Speculation that the Federal Reserve will begin tapering its $85 billion-a-month bond-buying activities later this year with an eye toward ending quantitative easing outright next year has decimated emerging markets bonds as well as equities. Investors' distaste for what was one of last year's favorite asset classes is has had the predictable consequence of punishing select ETFs,
Those funds could see more downside as developing nations face diminished appetite for their debt. Just in the past week, Romania scrapped a seven-year bond sale because of increased market volatility while South Korea raised less than 10 percent of the amount planned in an auction of inflation-linked bonds, Bloomberg reported.
China's SHIBOR woes are seen as crimping debt sales in that country. Other emerging markets from Colombia to Russia, as Bloomberg noted, have either canceled or reduced planned bond sales.
News of tepid, or in some cases, no demand for emerging markets bonds comes at a time when plungng currencies and protests from Brazil to Turkey to Indonesia are chasing investors from nearly every asset class with the emerging markets label.
The iShares J.P. Morgan USD Emerging Markets Bond Fund EMB, the largest ETF tracking dollar-denominated developing world sovereign debt, is down 11 percent in the past month while the rival PowerShares Emerging Markets Sovereign Debt Portfolio PCY is down 12.2 percent over the same time.
The funds' country weights tell the story, all in terms of plunging currencies, protests and scrapped bond sales. Russia, Turkey, Brazil and Colombia combine for over 24 percent of EMB's weight. Romania and South Korea are PCY's third- and fifth-largest country weights, respectively.
"It was not long ago, the beginning of May where products such as EMB were touching new highs (as yields fell lower and lower) amid the great race for higher yields in portfolios among institutional managers," said Paul Weisbruch of Street One Financial. "The climb up was steady, but the reckless selling that has been present in recent sessions accompanied by very wide intraday ‘gap down' ranges, has caused concern apparently among long holders, exacerbating the selling pressure."
Since May 20, EMB has lost almost $835 million in assets while PCY has lost nearly $332.5 million, according to Index Universe data.

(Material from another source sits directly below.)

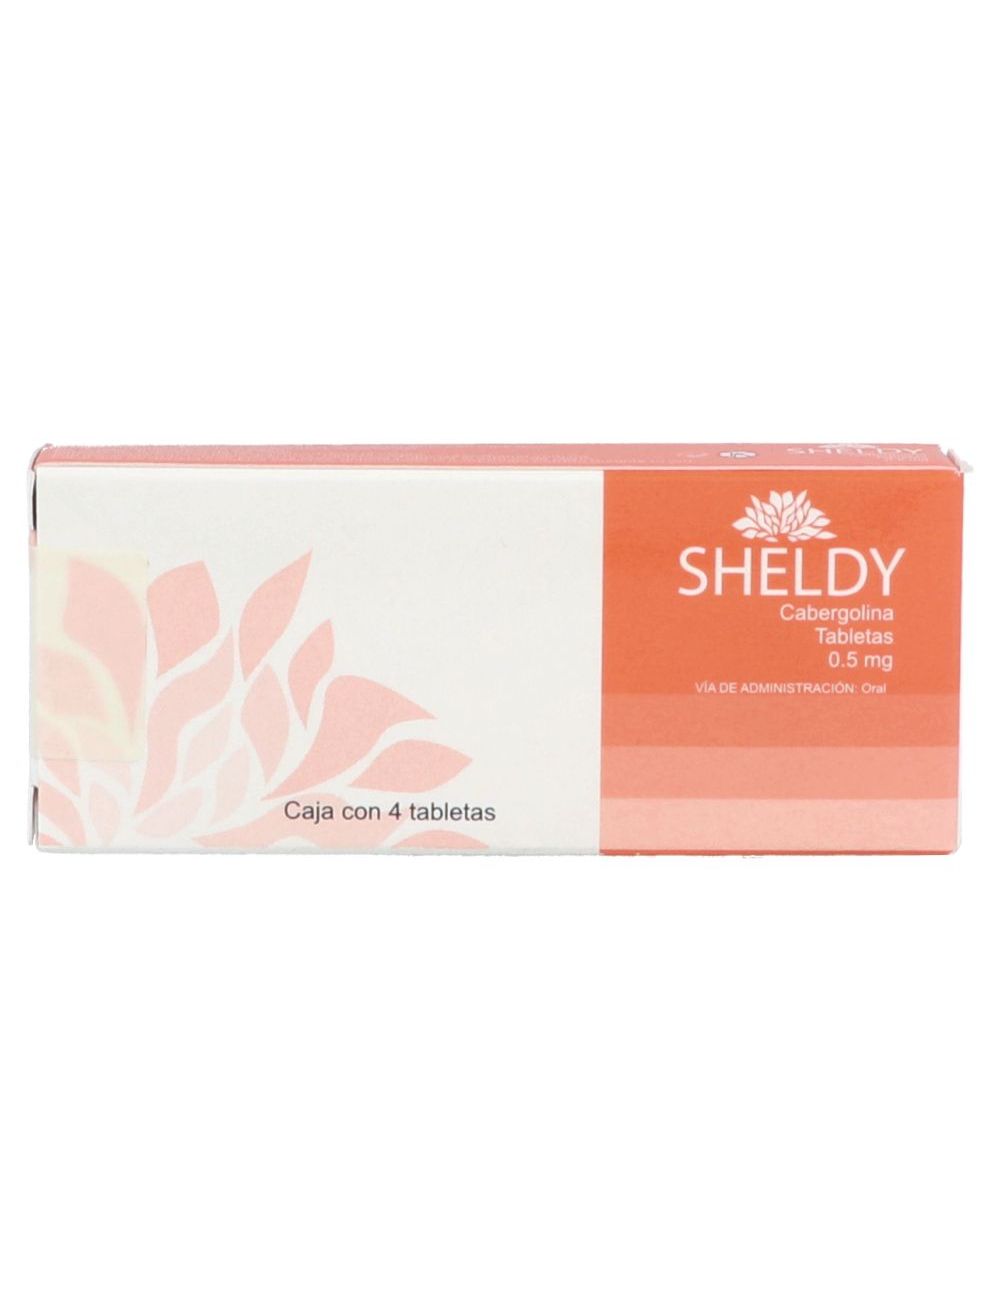 Sheldy 0.5 mg Caja Con 4 Tabletas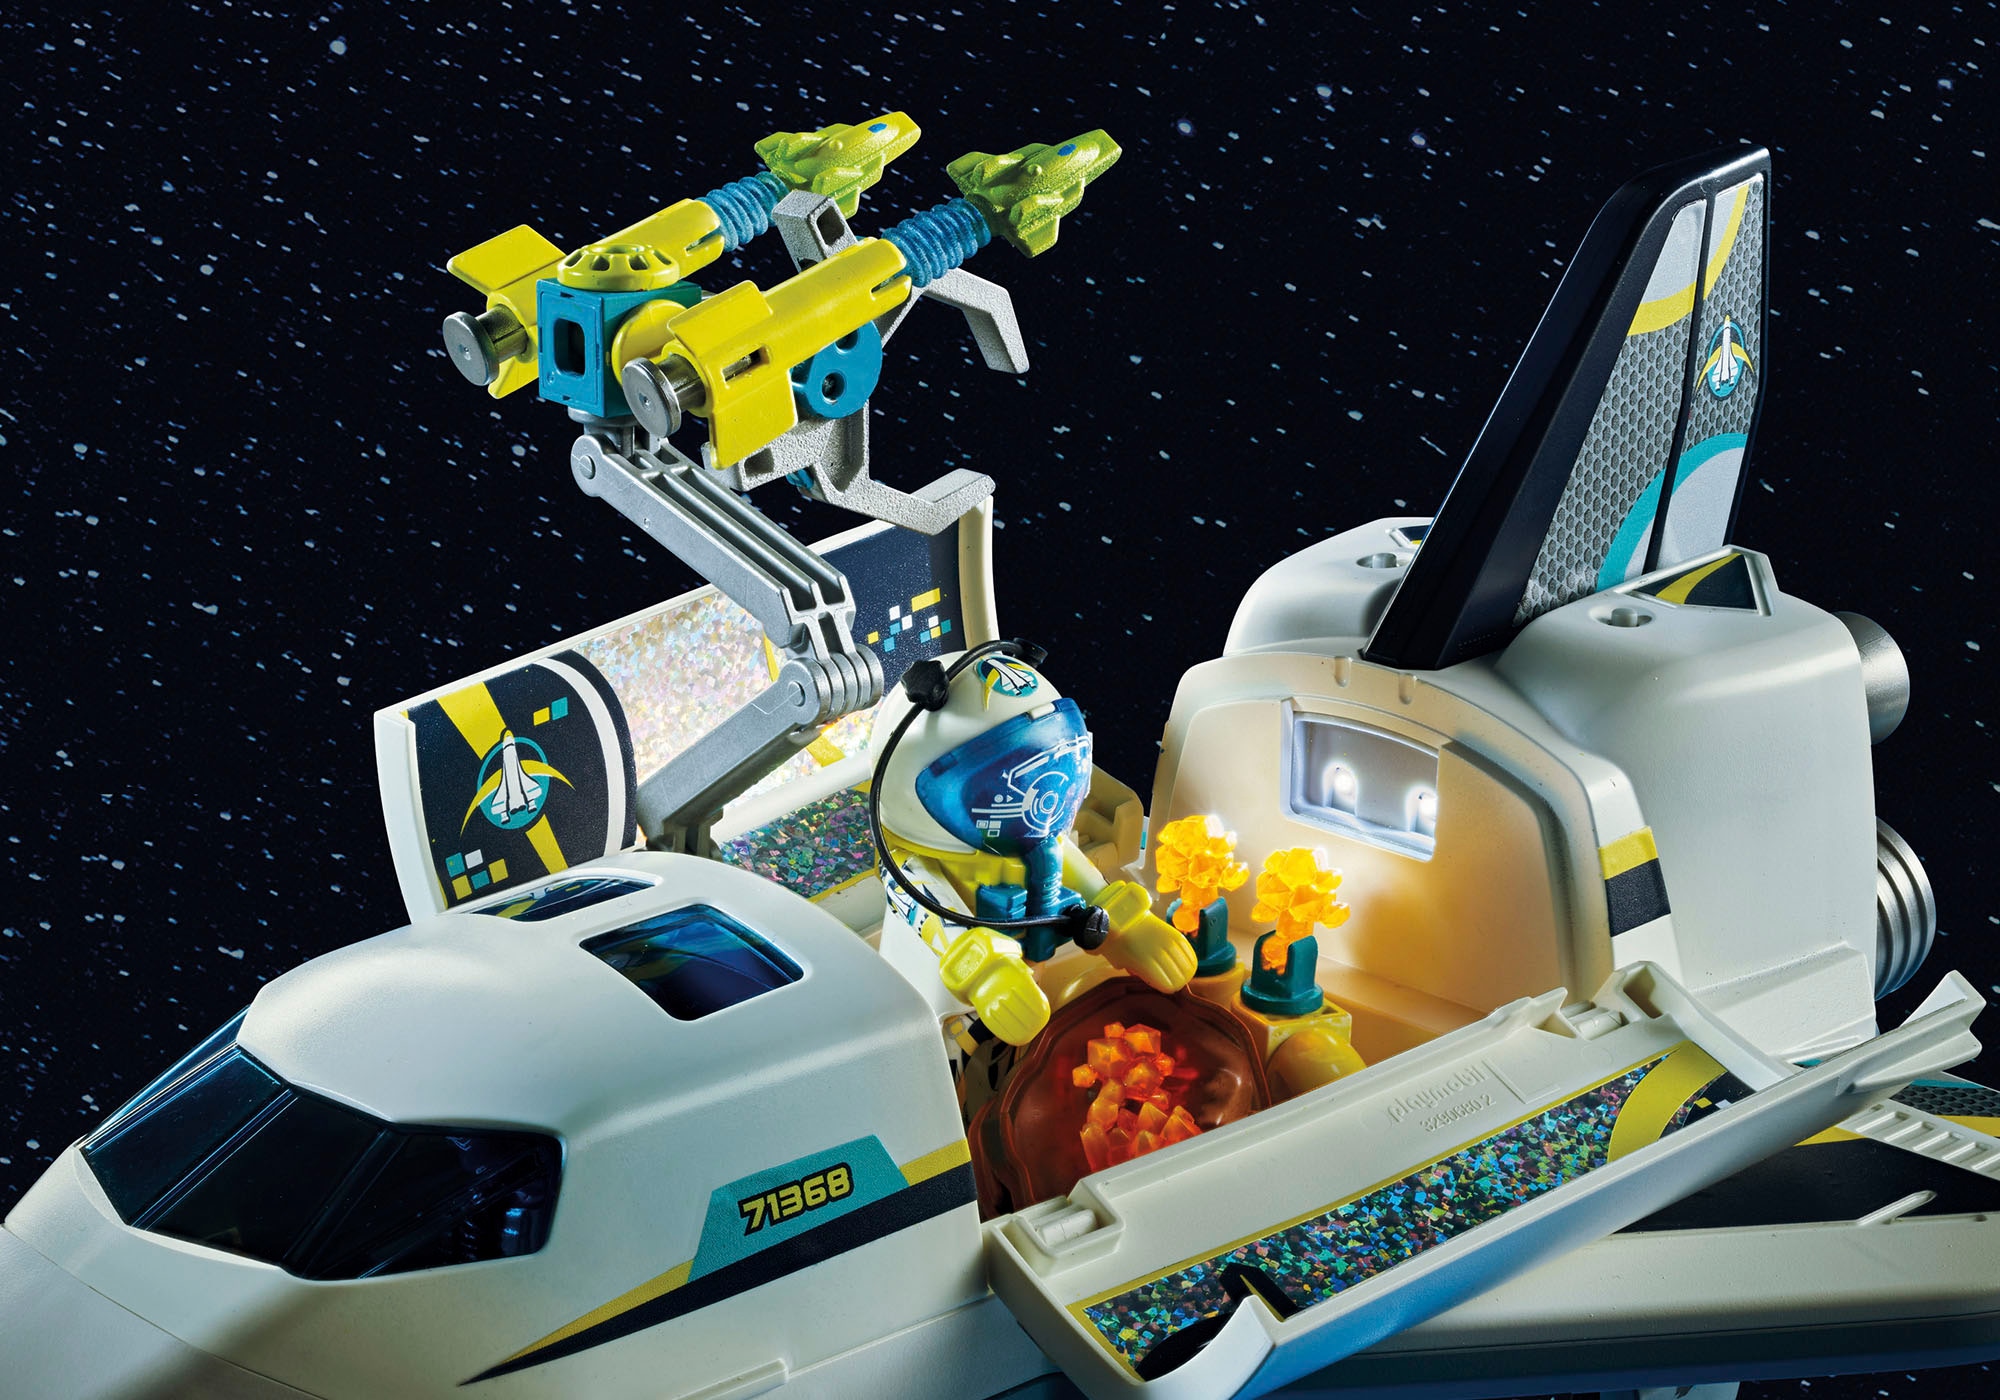 Playmobil® Konstruktions-Spielset »Space-Shuttle auf Mission (71368), Space«, (72 St.), mit Licht

It is not just dollar-denominated ETFs that have been ransacked by the departure from emerging markets bonds. Traders have acknowledged that issuing local currency has recently become harder and some developing nations with high debt levels could be crunched by tumbling currencies.
The Market Vectors Emerging Markets Local Currency Bond ETF EMLC is down 11 percent in the past month as investors have pulled over $71 million from that ETF. EMLC's country lineup reads like a who's who of countries affected by falling currencies, protests and sour bond sales. Turkey, Russia, Brazil, Indonesia, Romania and Colombia combine for about 37 percent of that ETF's weight.